Project

PhysioLLM

Mengying Cathy Fang

Groups

An LLM-enabled system that integrates physiological data from wearables and contextual information to offer personalized, real-time health monitoring and support.

The advent of wearable health monitors, such as Fitbit, Apple Watch, and Samsung Gear has made it possible to continuously collect detailed physiological data, such as heart rate, activity data, and sleep stages. They bring convenience and awareness to our personal health and provide a granular look into one's habits and how they affect physiology. These data and trends can help nudge healthier behavior and may even help detect health problems. While it is important to make accessible and accurate health monitoring systems, individuals who wish to change their habits are currently required to first deeply understand their physiological data and how it correlates with their daily routine, and finally think of ways to work towards positive changes. However, users often struggle to make sense of the data and translate them into meaningful actions \cite{canali2022challenges}. Interactions with the data are typically predefined by graphical user interfaces provided by the phone and wearables, which offer limited interaction and generic recommendations with few personalized insights.

Large Language Models (LLMs) potentially present a promising solution to these challenges. For one, they enable individuals to engage in unconstrained questioning and answering in natural language. Second, they have the potential to relate health data and behaviors to a wealth of health literature. Lastly, LLMs have a semantic understanding of the context that could grant flexibility in producing insights based on raw data.
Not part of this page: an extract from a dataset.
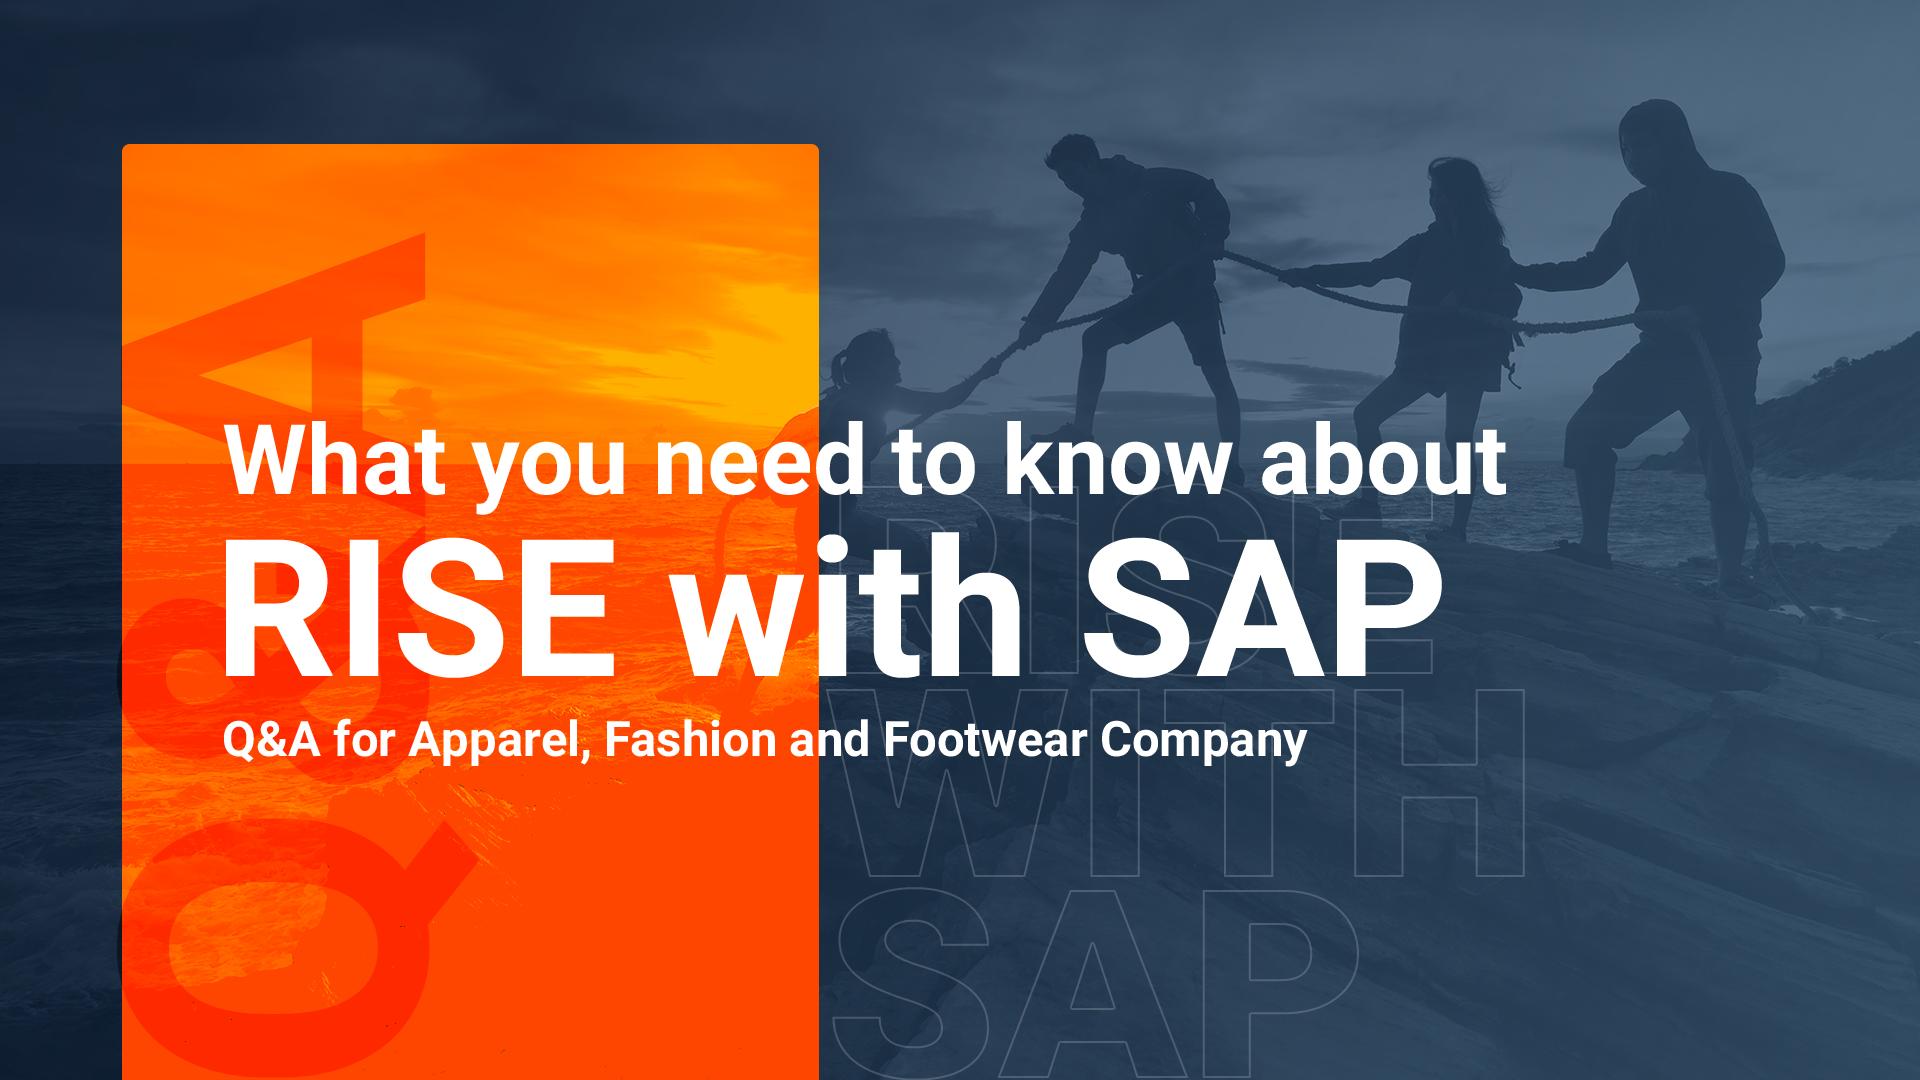 Rise with SAP webinar_BLOG COVER copy
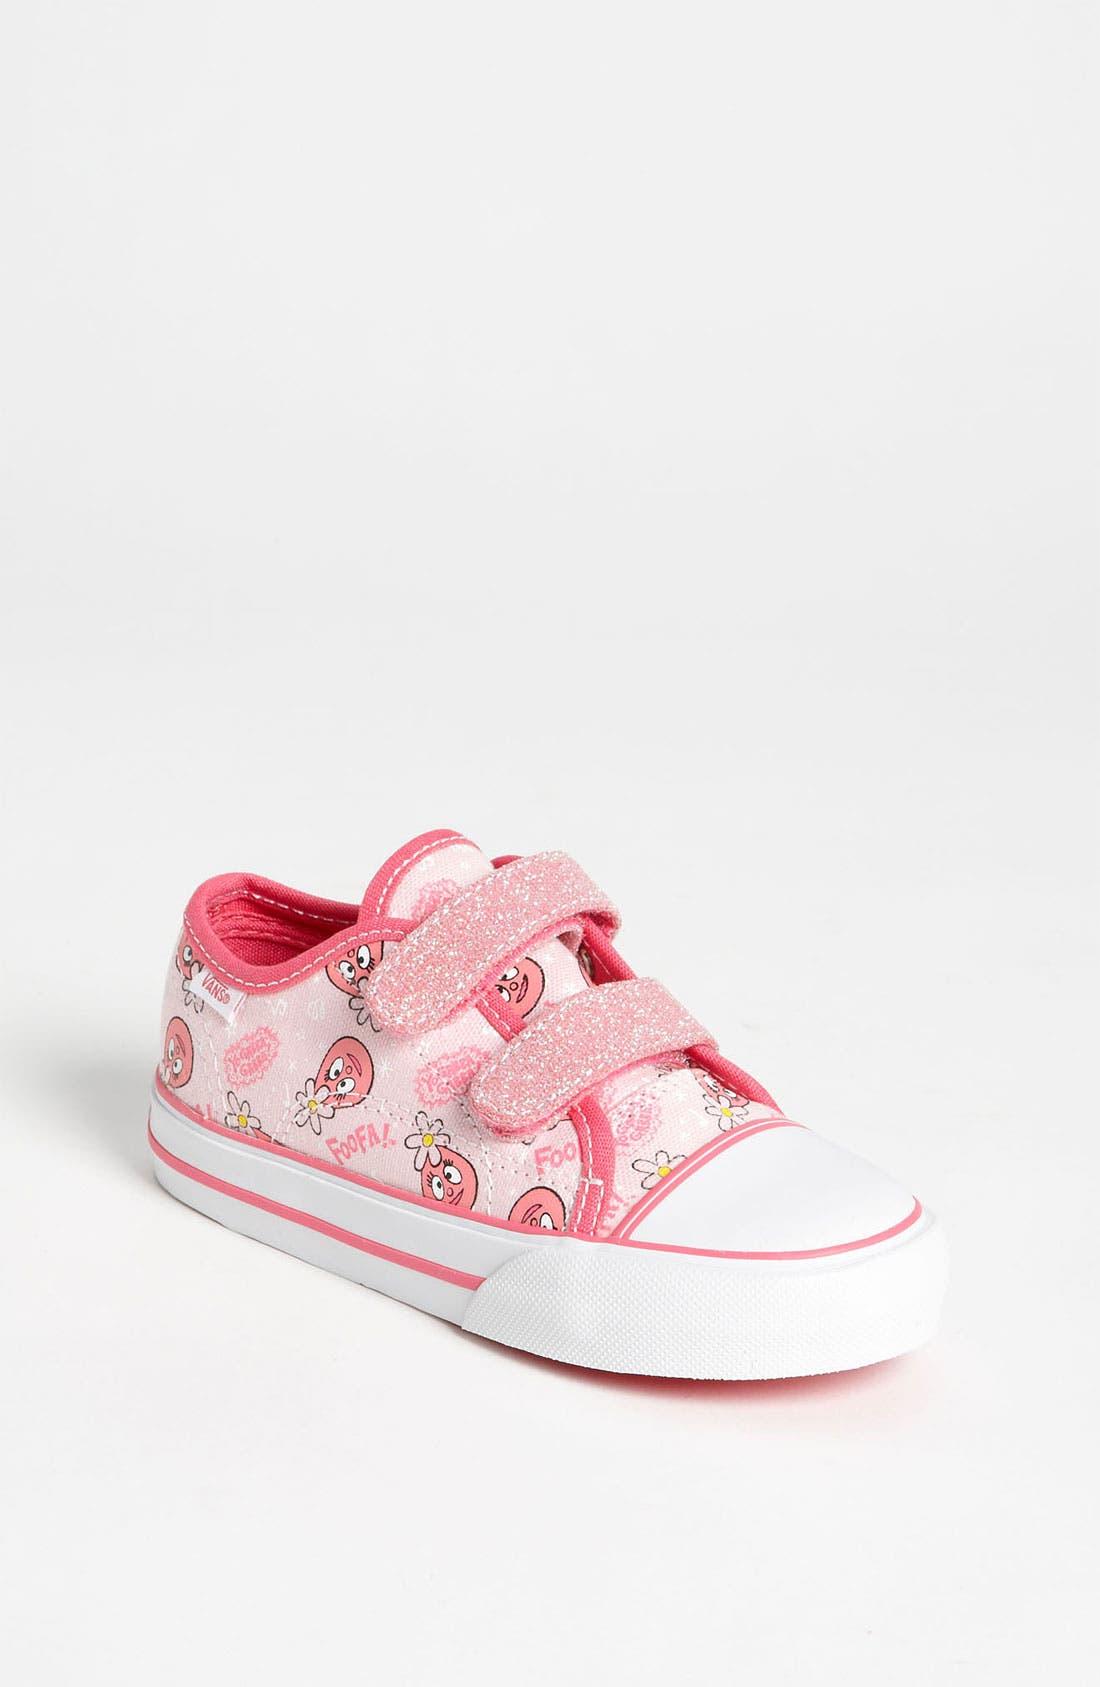 Main Image - Vans 'Big School - Yo Gabba Gabba!' Sneaker (Baby, Walker & Toddler)

Integrating LLMs with physiological data offers the potential to build systems that allow users to ask questions and receive personalized responses, enhancing their understanding of their health and motivating positive behavior changes. This research addresses two main questions: (1) how to implement an LLM-based system that generates personalized insights from physiological data and communicates them through natural language, and (2) how such a system impacts users' understanding of their data and helps them develop actionable health goals.

We designed PhysioLLM, a novel system that utilizes an orchestration of LLMs to deliver personalized insights by incorporating users' own data from already available wearable health trackers together with contextual information. Different from conventional health applications, our system conducts statistical analyses of the user's data to uncover patterns and relationships within the data. As a case study, we focus on improving sleep as the main health goal. Sleeping well is one the most important things to stay healthy physically and mentally. The latest wearable devices offer in-depth reports on sleep, providing information on sleep timing, sleep stages and commonly used metrics such as wake time after sleep onset. They also typically provide a sleep score to indicate overall sleep quality. However, it is often not obvious to users how one can improve one's sleep score and the relationships between one's daytime activity and sleep.

To understand what might improve individuals’ understanding of their data and what questions they might ask a conversational interface, we recruited actual users for an in-situ experiment. 24 adult Fitbit users shared their most recent week of Fitbit data. Each participant used a text-based chatbot that was either the complete PhysioLLM system with personal data and insights, an LLM chatbot with personal data but no access to insights, or a placebo off-the-shelf LLM chatbot with no personal data or generated insights. They filled out a survey before and after interacting with the interface that assessed their understanding of their sleep data, how motivated they felt after interacting with the interface, and how actionable their goals were based on their interactions with the interface.

The results show that chatting with an LLM-based system, which provides effective personalized insights using our LLM architecture, improves one's understanding of their own health. The interface was perceived as more personalized than chatting with a generic LLM-based chatbot. In fact, the latter resulted in the user having less motivation to change, and their goals were found to be less actionable.

We also interviewed two sleep experts to review the personal insights generated by the system and its responses and suggestions provided to the user. Overall, the experts found the insights reasonable but noted the system's tendency to overemphasize correlation values. They suggested improving the system by providing the LLM with more background on the data generation process and tuning responses to be more modest when based on sparse data and potentially spurious correlations.

In summary, the contributions of this work are:

A novel orchestration of LLMs that integrates physiological and contextual data to support conversations about personalized health insights.
An in-the-wild study with 24 users that interacted with the system and the study insights derived from quantitative and qualitative results.
Evidences that show the interface is perceived as personalized and effectively improves users' understanding of their health through personalized insights.
A preliminary valuation by two sleep experts of the accuracy and quality of the generated personal insights and suggestions.